Lazy LazyFeatureCollection inputs are not yet supported — call
.compute() first. Tracked as a follow-on against DASK-25.
Interacting with the dask.array.Array#
Once you have a lazy array, every dask.array operation is
available — pyramids does not add a custom wrapper. Common patterns:
lazy = ds.read_array(chunks=(1024, 1024))
# reductions
lazy.mean().compute()
lazy.max(axis=(1, 2)).compute() # per-band max
# arithmetic — builds graph, no I/O yet
normalised = (lazy - lazy.mean()) / lazy.std()
# pixel-wise where
mask = lazy > 100
masked = lazy.where(mask, other=0)
# rechunk (cheap — just graph rewrite)
rechunked = lazy.rechunk((1, 2048, 2048))
# persist into worker memory (keeps lazy)
lazy_persisted = lazy.persist()
as_numpy(arr) and is_lazy(arr) from pyramids.base.protocols are
the two dispatch helpers you'll reach for in mixed-backend code:
from pyramids.base.protocols import is_lazy, as_numpy
result = ds.read_array(chunks="auto")
# ... build graph ...
if is_lazy(result):
result = as_numpy(result) # forces compute, no-op for numpy
Minimal-install behaviour#
Dataset.read_array(chunks=...) with no dask installed raises:
ImportError: chunks= requires the optional 'dask' dependency. Install
with: pip install 'pyramids-gis[lazy]'
Dataset.to_zarr raises the same error naming both dask and zarr
(the extra pulls both).

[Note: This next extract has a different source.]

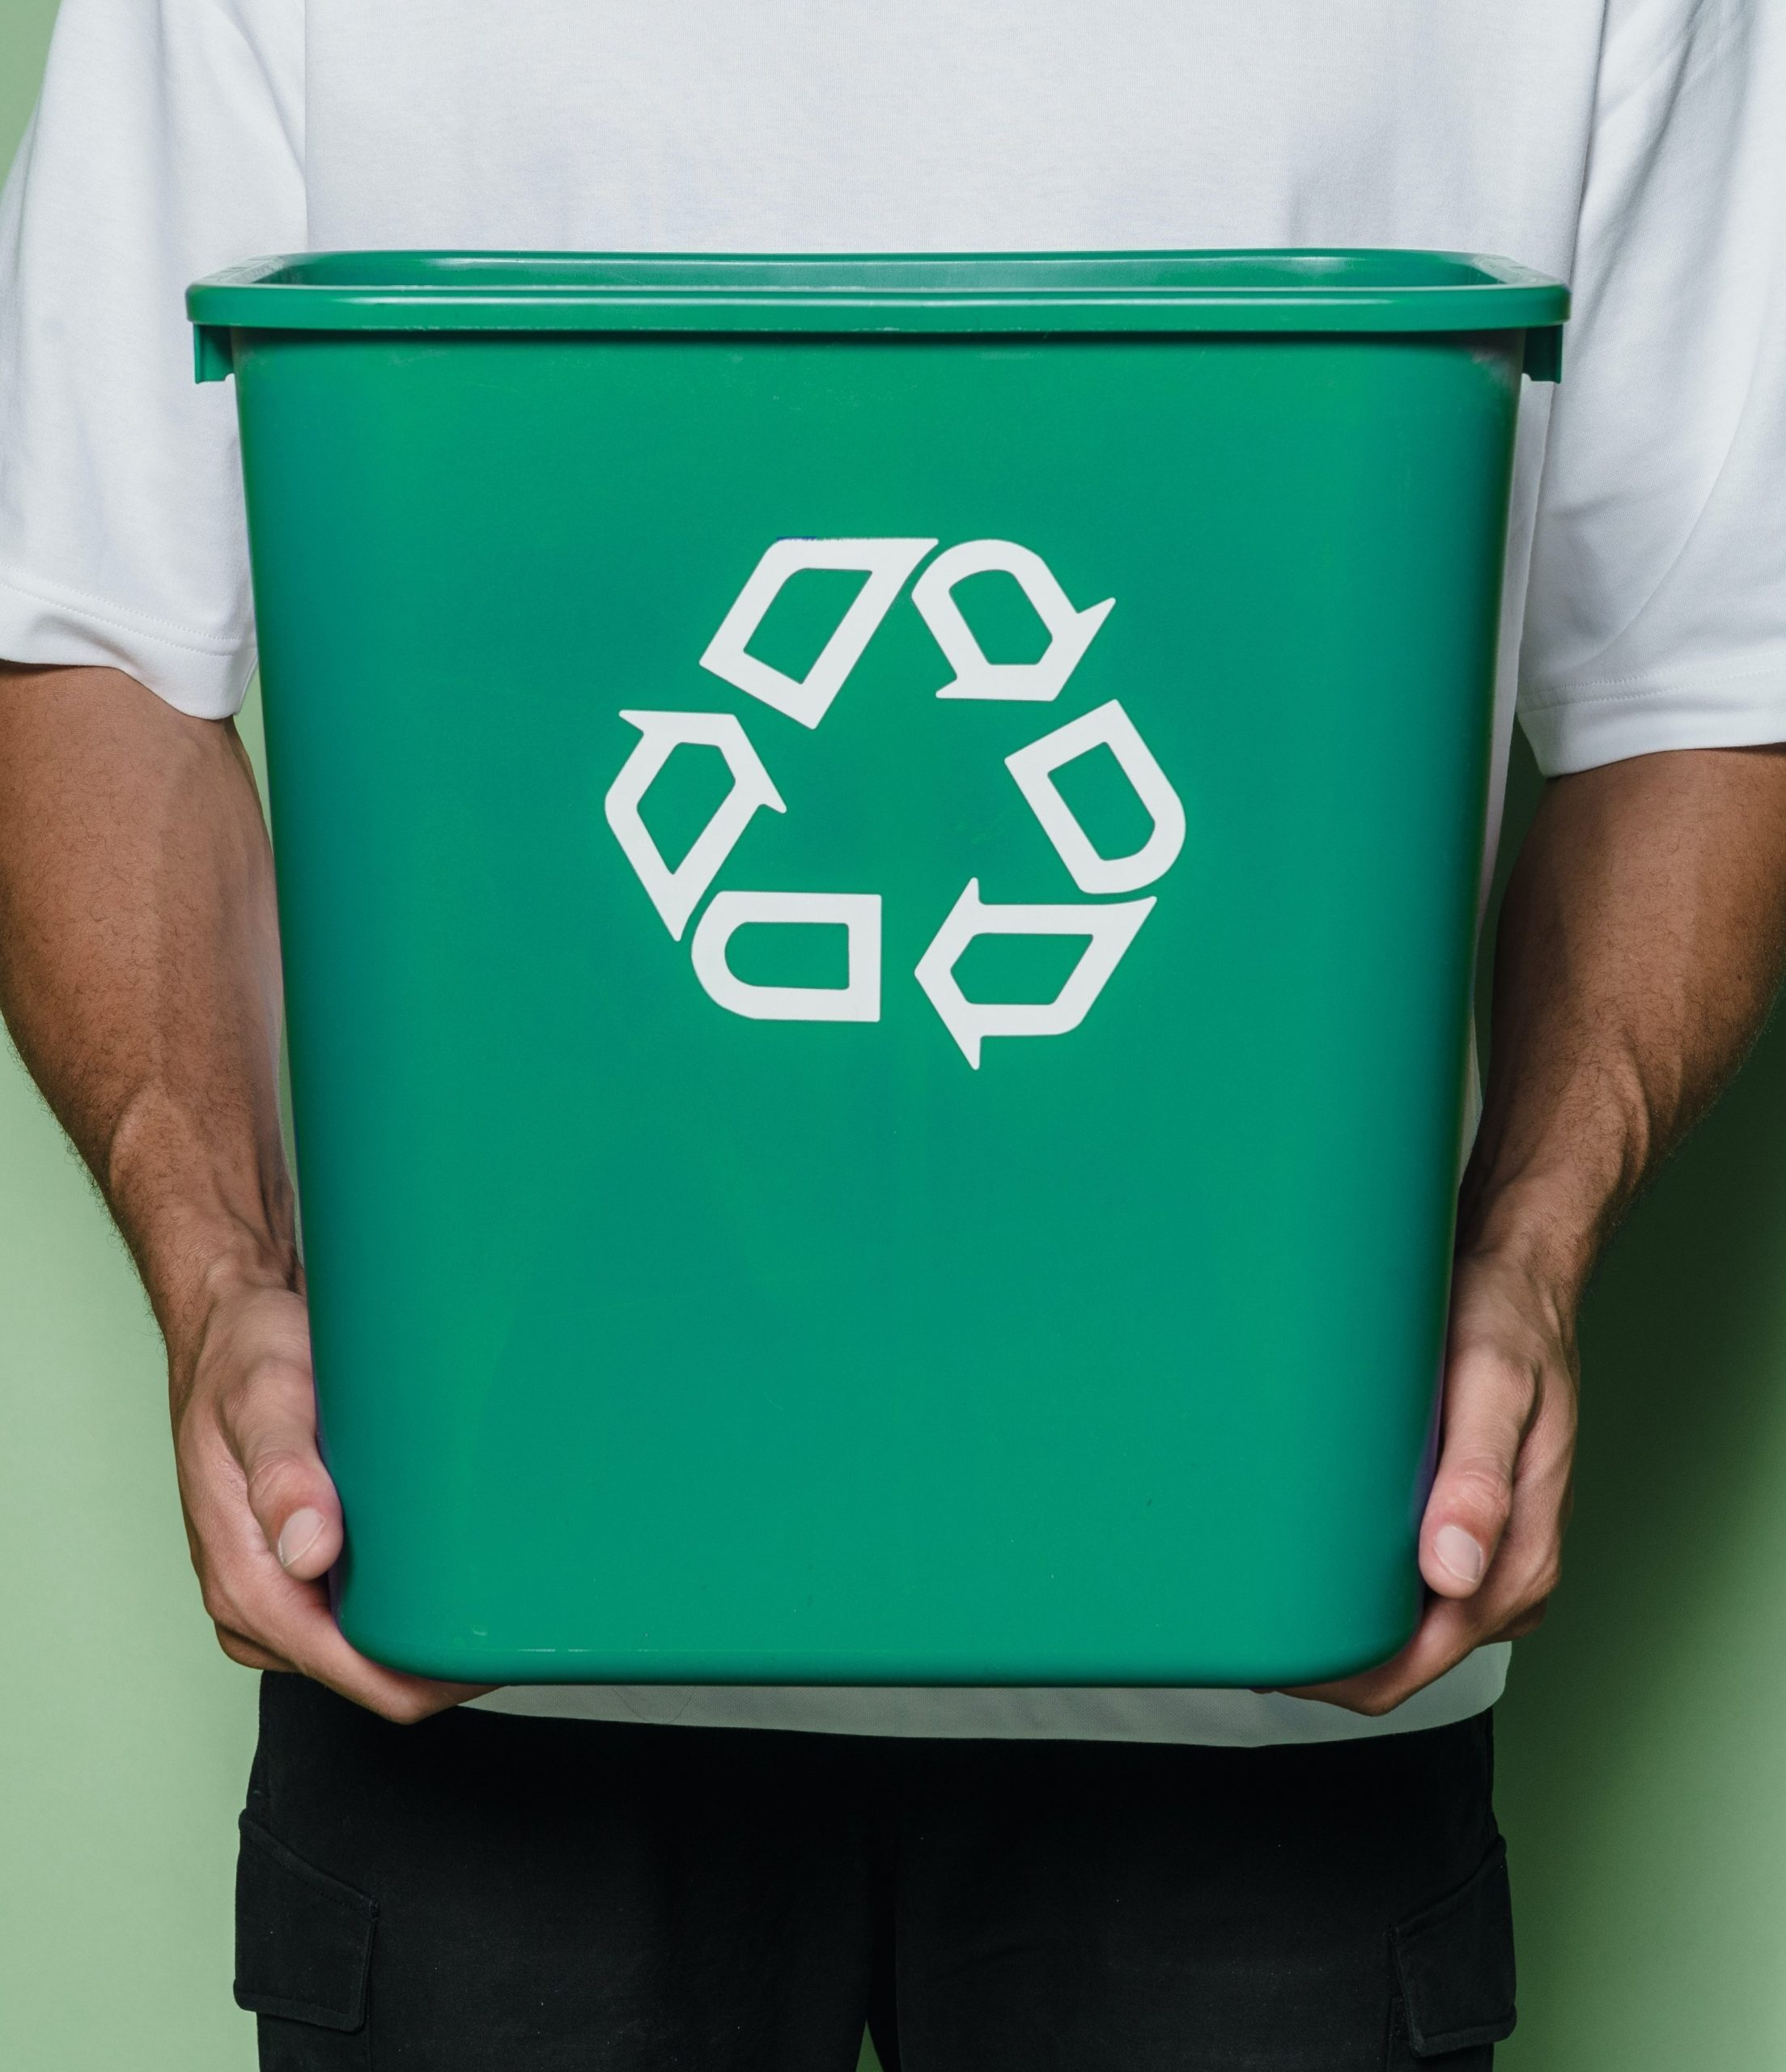 ordinateur reconditionné recyglage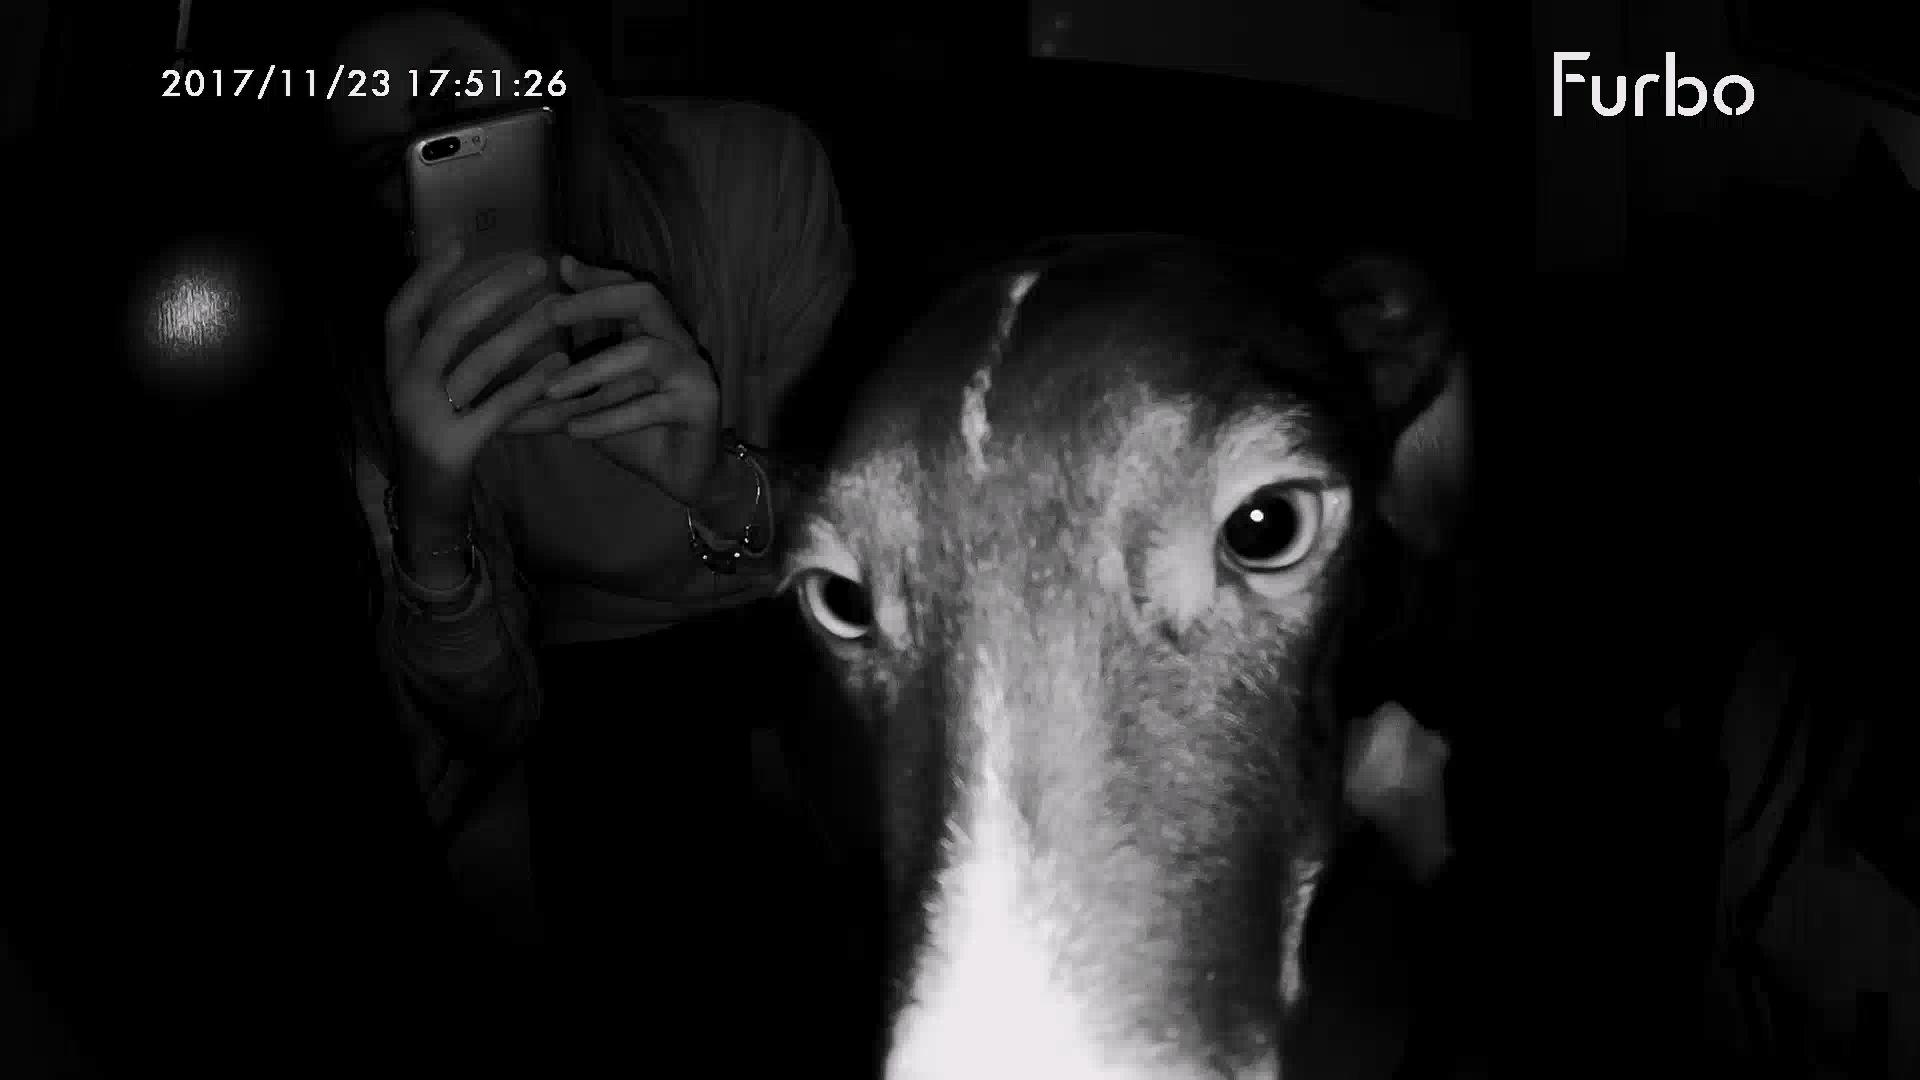 Visión nocturna Furbo cámara

Dataset.focal_*, slope, aspect,
hillshade all work eagerly without the extra; only the chunks=
branch gates on it. Dataset.zonal_stats works eagerly with no
optional extras.
Worked example — Sentinel-2 COG on AWS#
from pyramids import configure
from pyramids.dataset import Dataset
configure(cloud_defaults=True, aws={"aws_unsigned": True})
url = (
"https://sentinel-cogs.s3.us-west-2.amazonaws.com/"
"sentinel-s2-l2a-cogs/35/T/LM/2022/7/"
"S2A_35TLM_20220716_0_L2A/B08.tif"
)
nir = Dataset.read_file(url)
# Read a 2048×2048 tile near the scene centre as a lazy chunked array.
lazy = nir.read_array(chunks=(512, 512))
print(lazy.shape) # (10980, 10980)
# Reduce without loading everything.
peak = lazy.max().compute()
print(f"max DN: {peak}")
The full, runnable version is
docs/examples/dataset/dask-lazy-datasets.ipynb.